One silver lining of the covid lockdowns of schools has been the awakening of parents to what’s going in their children’s classrooms, and they don’t like it. Even Democrat parents have been pushing back, which is why those Democrats above are protesting against the Department of Education’s regulatory tyranny. They saw what happened in Virginia, when a seasoned Democrat who sneered at protesting parents was defeated in the governor’s race by a Republican political tyro; and in deep blue San Francisco, where three radical school board members obsessed with changing politically incorrect names of schools were recalled. When a political party is facing a disastrous midterm election, such events concentrate the mind wonderfully.
The only positive developments during my observation of educational decay were charter schools and home-schooled students, who were invariably the best students in the class. I also was heartened by the quality of students from the on-campus charter high school, which requires two years of Latin. For their third-year requirement the students can take one of the university’s Advanced Latin courses.
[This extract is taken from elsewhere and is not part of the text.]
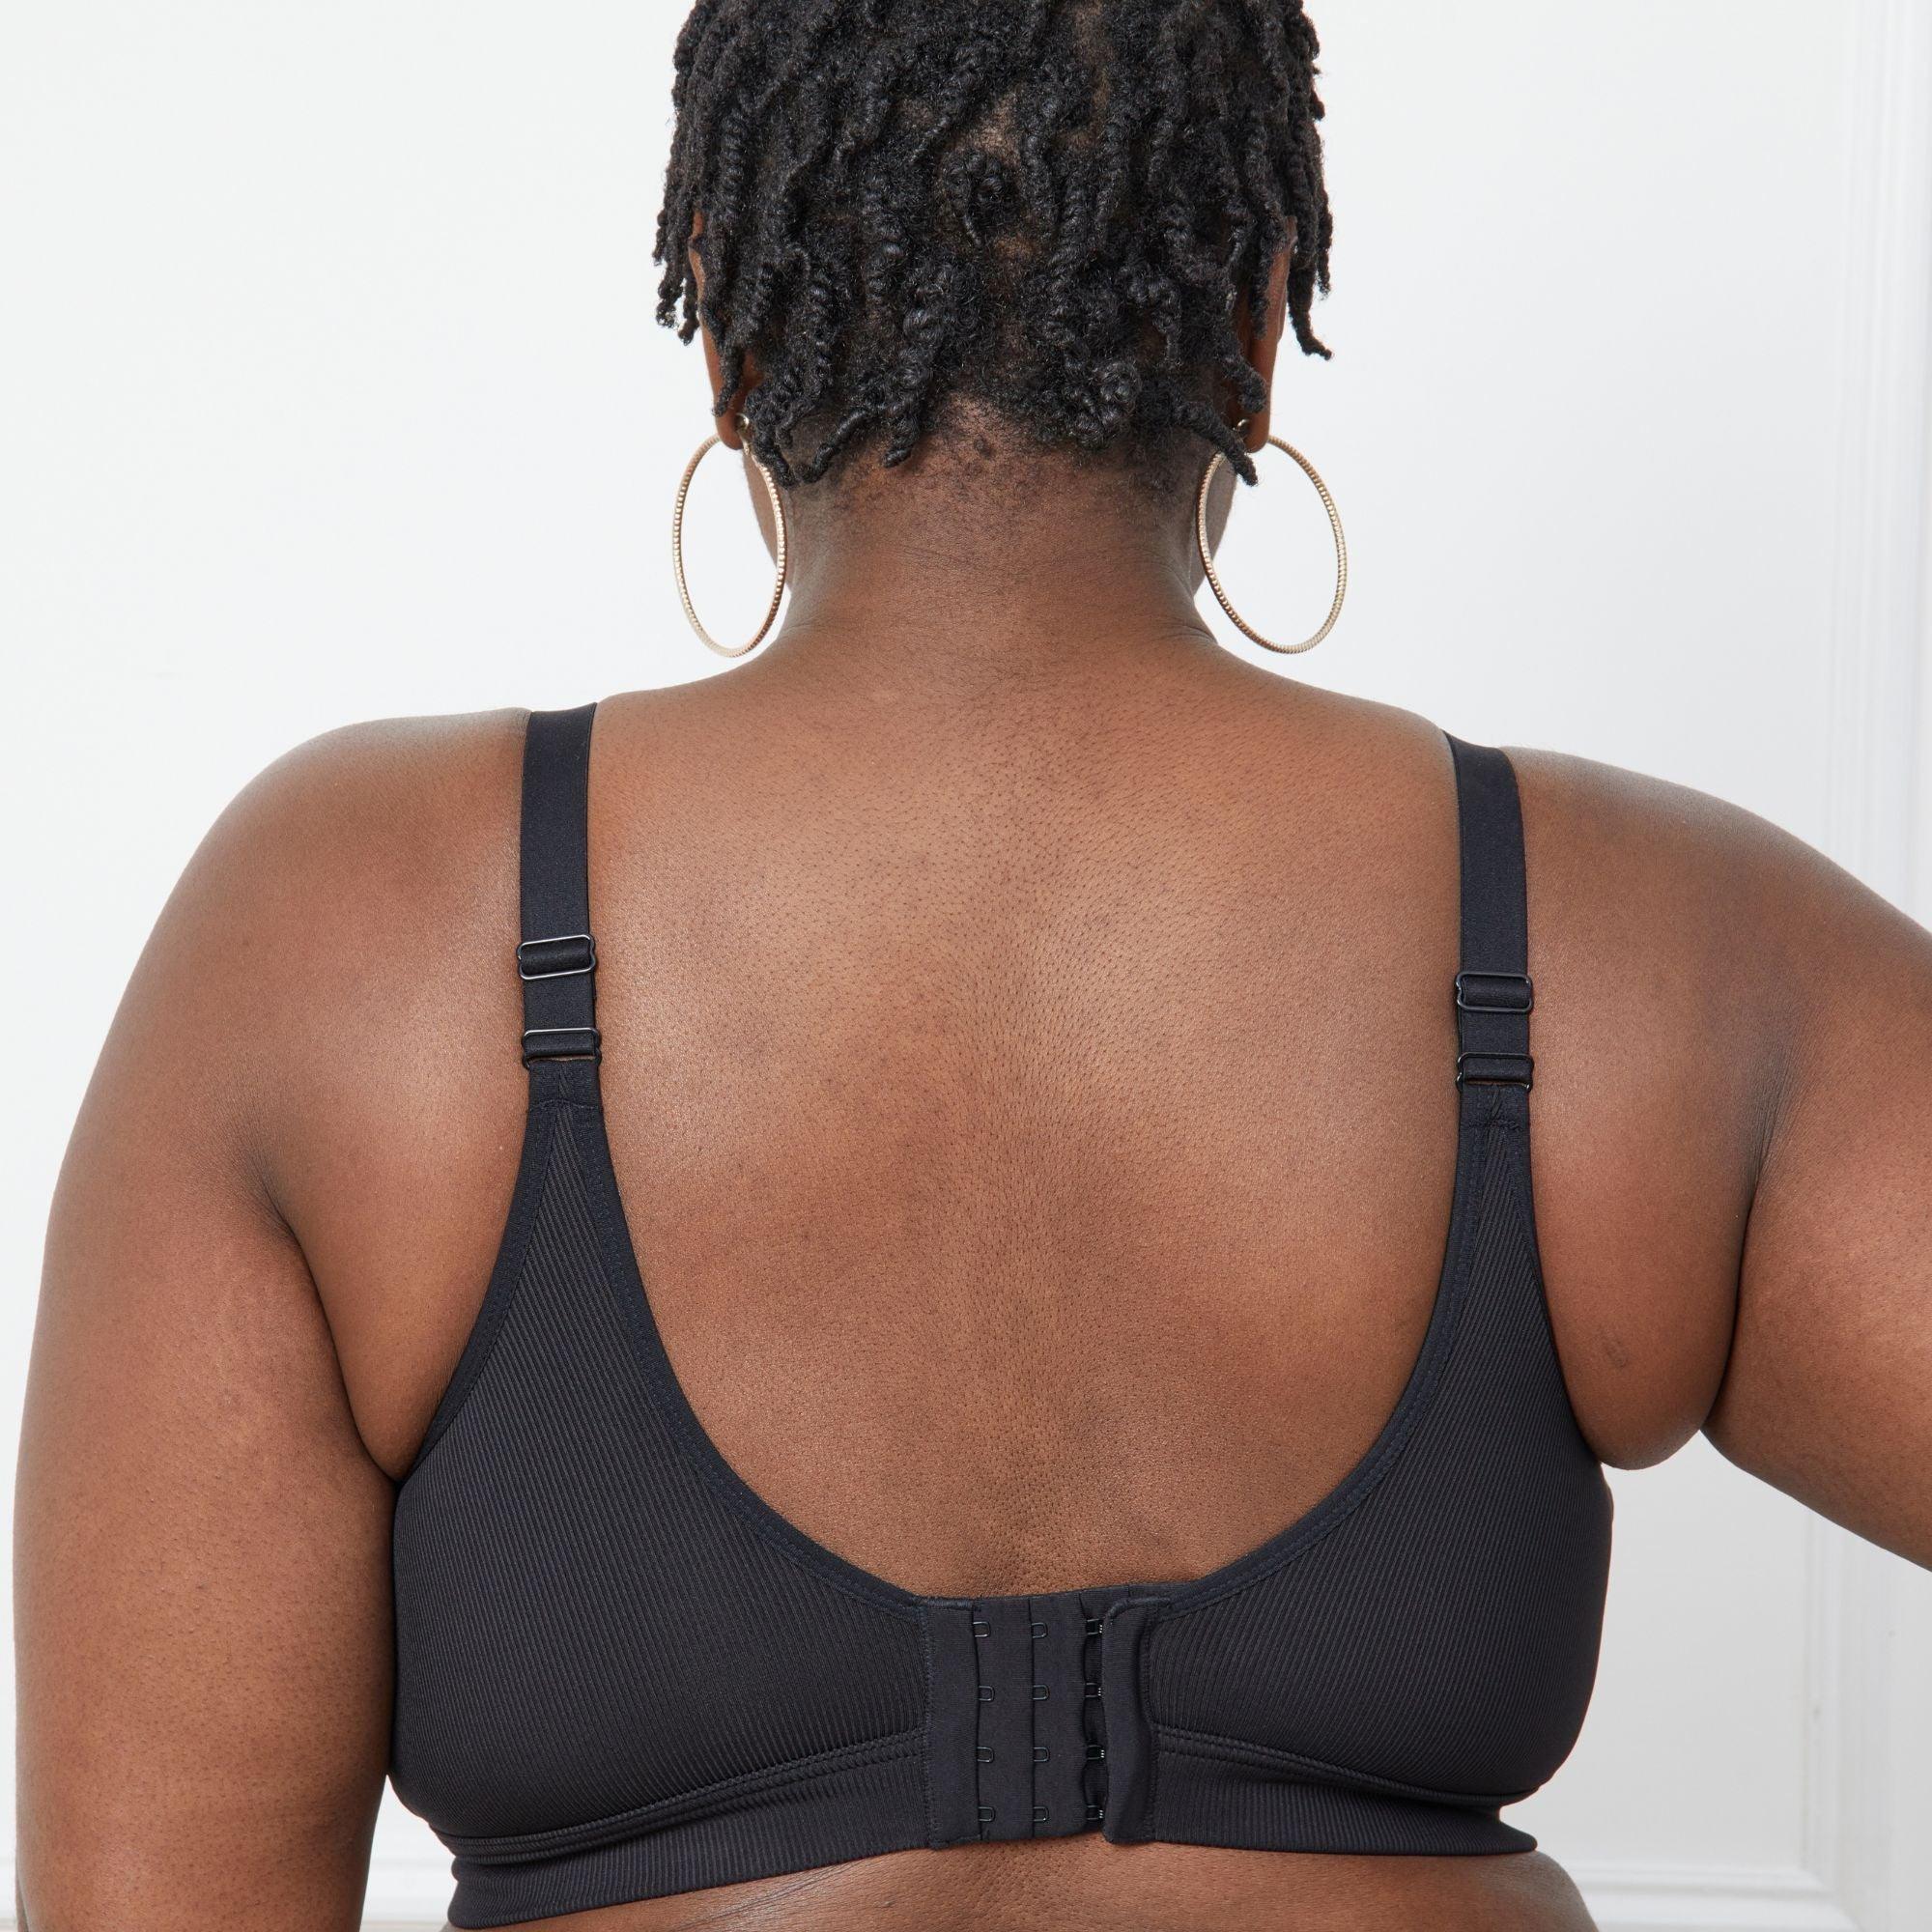 Black is timeless - New #9two5fit bras and leggings feel like

Over the years, the students in those courses were some of the best I’ve ever had, and most went on to prestigious universities.
Of course, there are lots of good teachers and students in public schools, but they succeed in spite of the educational establishment, not because of it. But relying on individual talent, virtue, and character to overcome institutional decay is not a viable long-term strategy for improvement. What A Nation at Risk said 40 years ago is even more true today: “If an unfriendly foreign power had attempted to impose on America the mediocre educational performance that exists today, we might well have viewed it as an act of war.”
We need to support proven reforms like charter schools and school choice if we want to stay competitive with a rival “unfriendly foreign power” like China.